The major importance of cryptococcal pulmonary infection is that the lung is the portal of entry for disseminated infection, which frequently involves the central nervous system. Presenting symptoms of the central nervous system can be subtle and nonspecific (eg, headache with or without fever). Thus, an aggressive diagnostic evaluation must be initiated even for asymptomatic pulmonary infection.

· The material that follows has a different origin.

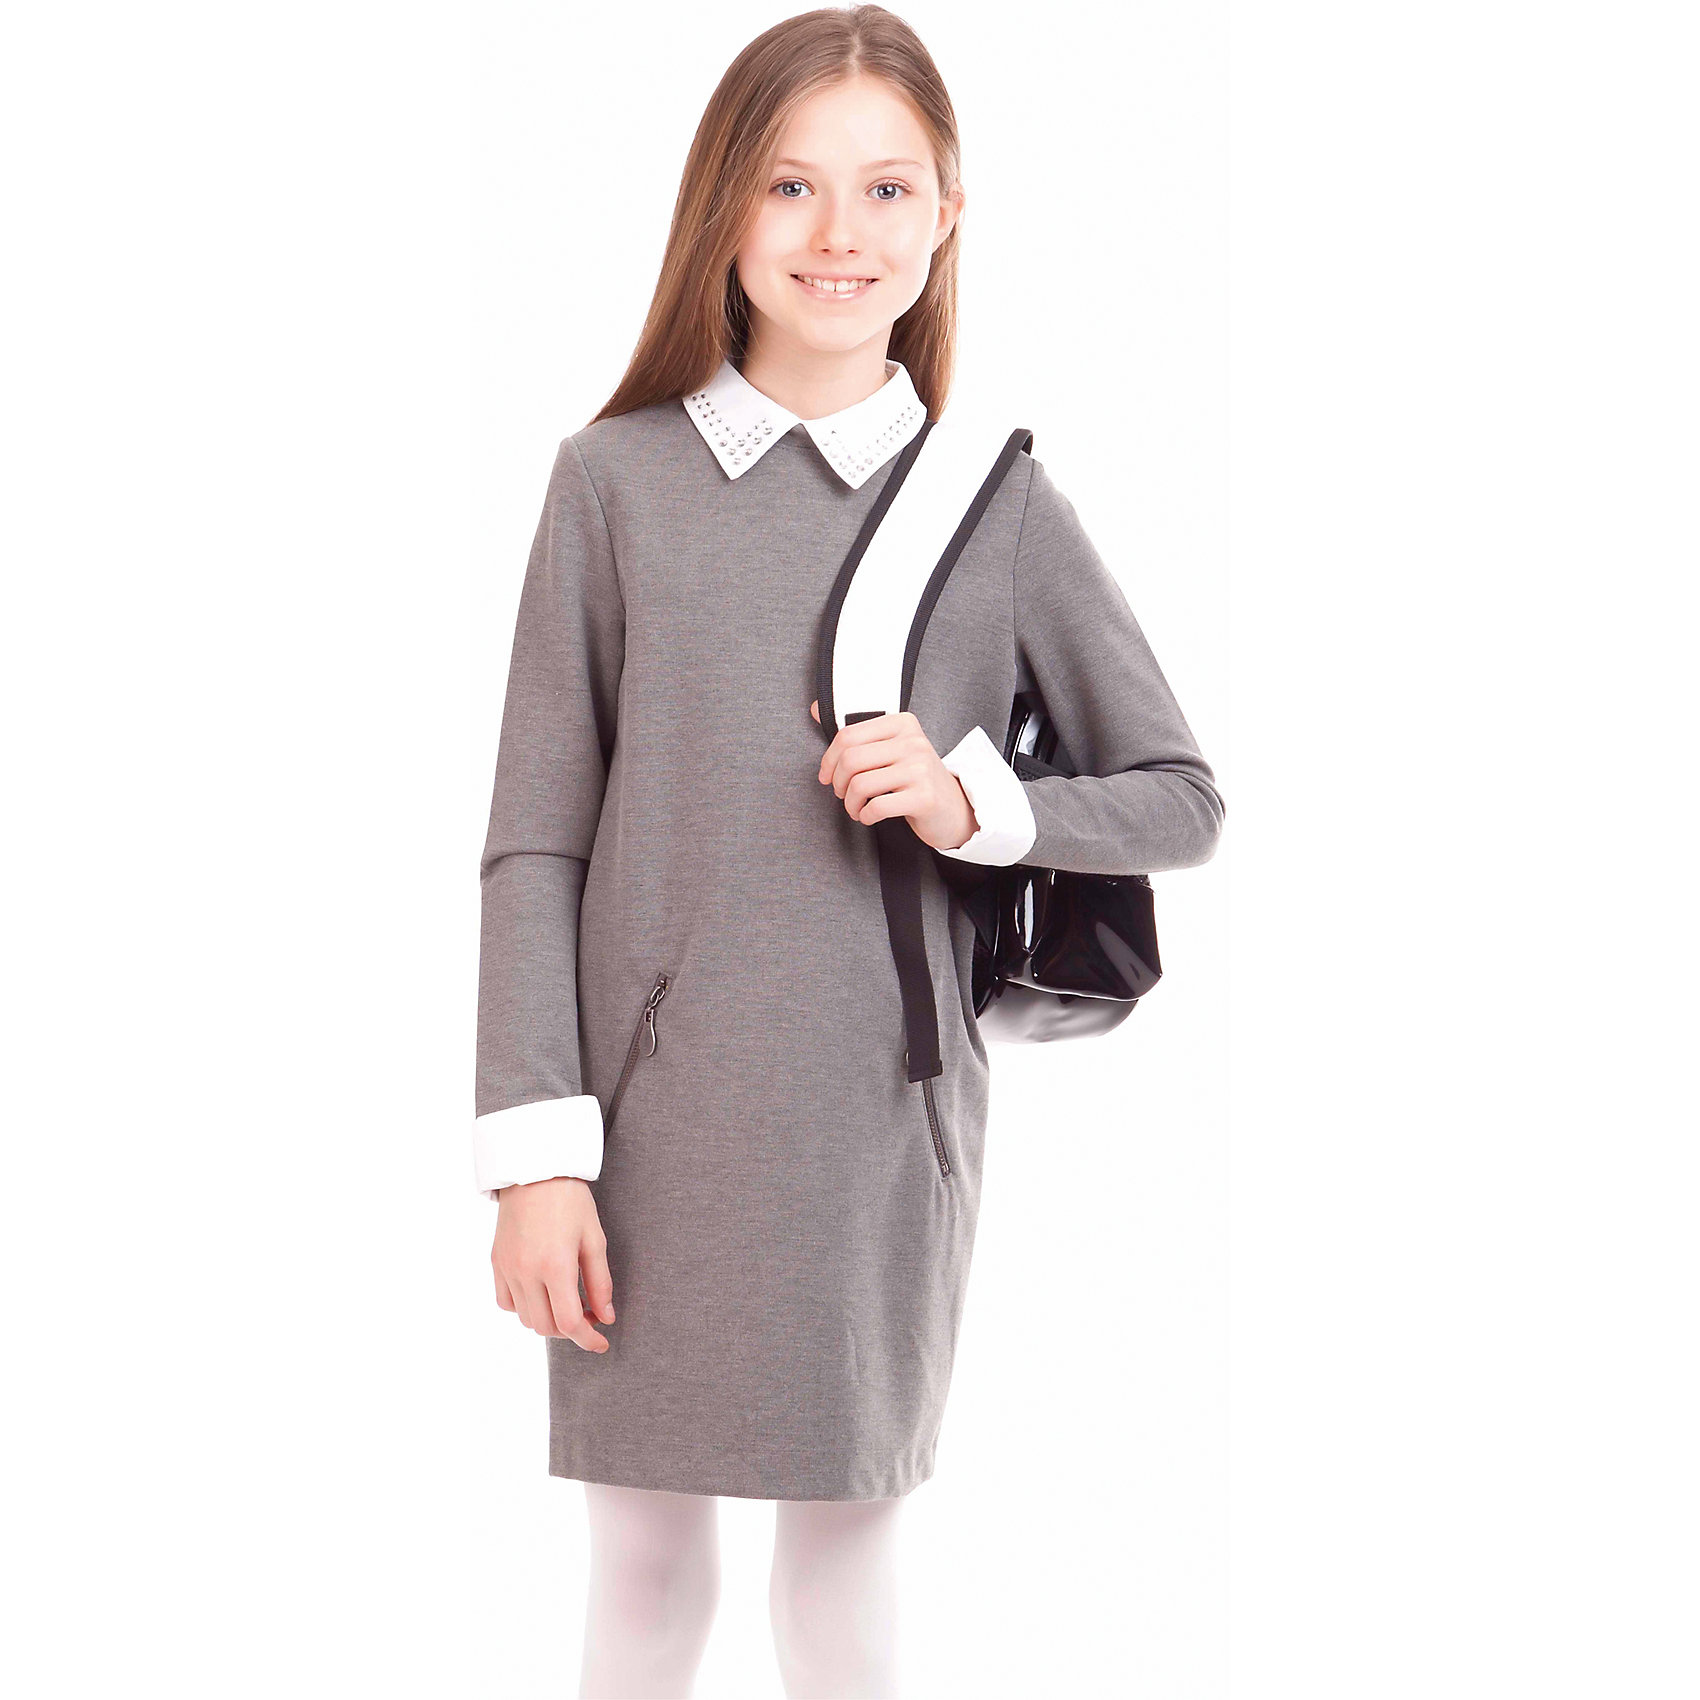 Платье GulliverПлатья и сарафаны<br>Платье для девочки от российской марки Gulliver.<br>Замечательное платье из трикотажного футера  - практичное комфортное решение на каждый день. Оно не стесняет движений,  имеет удобные карманы для хранения девичьих секретов. Съемные ворот и манжеты  упрощают уход за изделием, напоминая мамам их школьные годы, когда воротнички и манжеты нужно было отпарывать для замены. Мягкий округлый силуэт сарафана гарантирует отличную посадку на всех типах  детской фигуры. Состав и плотность трикотажного полотна придают ощущение добротности, долговечности вещи.<br>Состав:<br>72% полиэстер 24% вискоза             4% эластан<br><br>Ширина мм: 236<br>Глубина мм: 16<br>Высота мм: 184<br>Вес г: 177<br>Цвет: серый<br>Возраст от месяцев: 72<br>Возраст до месяцев: 84<br>Пол: Женский<br>Возраст: Детский<br>Размер: 140,152,158,146,134,128,122,164<br>SKU: 4174849

Among solid organ transplant recipients, cryptococcal infection is most common in liver transplant recipients [46]. (See "Cryptococcus neoformans infection outside the central nervous system" and "Cryptococcus gattii infection: Clinical features and diagnosis".)
Candida species — Although Candida species are frequently isolated from sputum, cases of pulmonary invasion are extremely rare even in immunocompromised hosts. Thus, a positive sputum culture for Candida albicans should not lead to specific therapy against Candida spp; other processes should be sought to explain pulmonary symptoms. (See "Candida infections of the abdomen and thorax", section on 'Pneumonia'.)
By contrast, hematogenous seeding of the lungs during fungemia can occur with Candida species. Fungemia commonly results from infection of indwelling vascular access catheters and infection related to transplant surgery (particularly of the pancreas or liver). Other Candida species (eg, Candida glabrata and Candida krusei) have become more frequent pathogens in these hosts, possibly as a result of nosocomial exposures and prior exposure to prophylactic agents including fluconazole. C. auris is an uncommon pulmonary pathogen that more frequently involves the bloodstream and is often multidrug resistant [47]. (See "Management of candidemia and invasive candidiasis in adults".)
Agents of mucormycosis — Mucormycosis (previously called zygomycosis) is an infection caused by fungi that belong to the order Mucorales including Rhizopus spp, Mucor spp, Lichtheimia (previously Absidia) spp, Cunninghamella, Rhizomucor, and Apophysomyces spp [47]. The lung is a common site of infection along with the sinuses, rhinocerebral spaces, skin, and gastrointestinal tract.
Invasive disease is more common in diabetic patients often with exogenous immune suppression and neutropenia and may follow CMV infection. In the lungs, these molds cause rapidly progressive single or multiple pulmonary nodules and may produce lung infarction and necrosis, hemorrhage, and empyema. Metastatic spread to the skin is common. Surgical excision is generally required in addition to antifungal therapy. (See "Mucormycosis (zygomycosis)".)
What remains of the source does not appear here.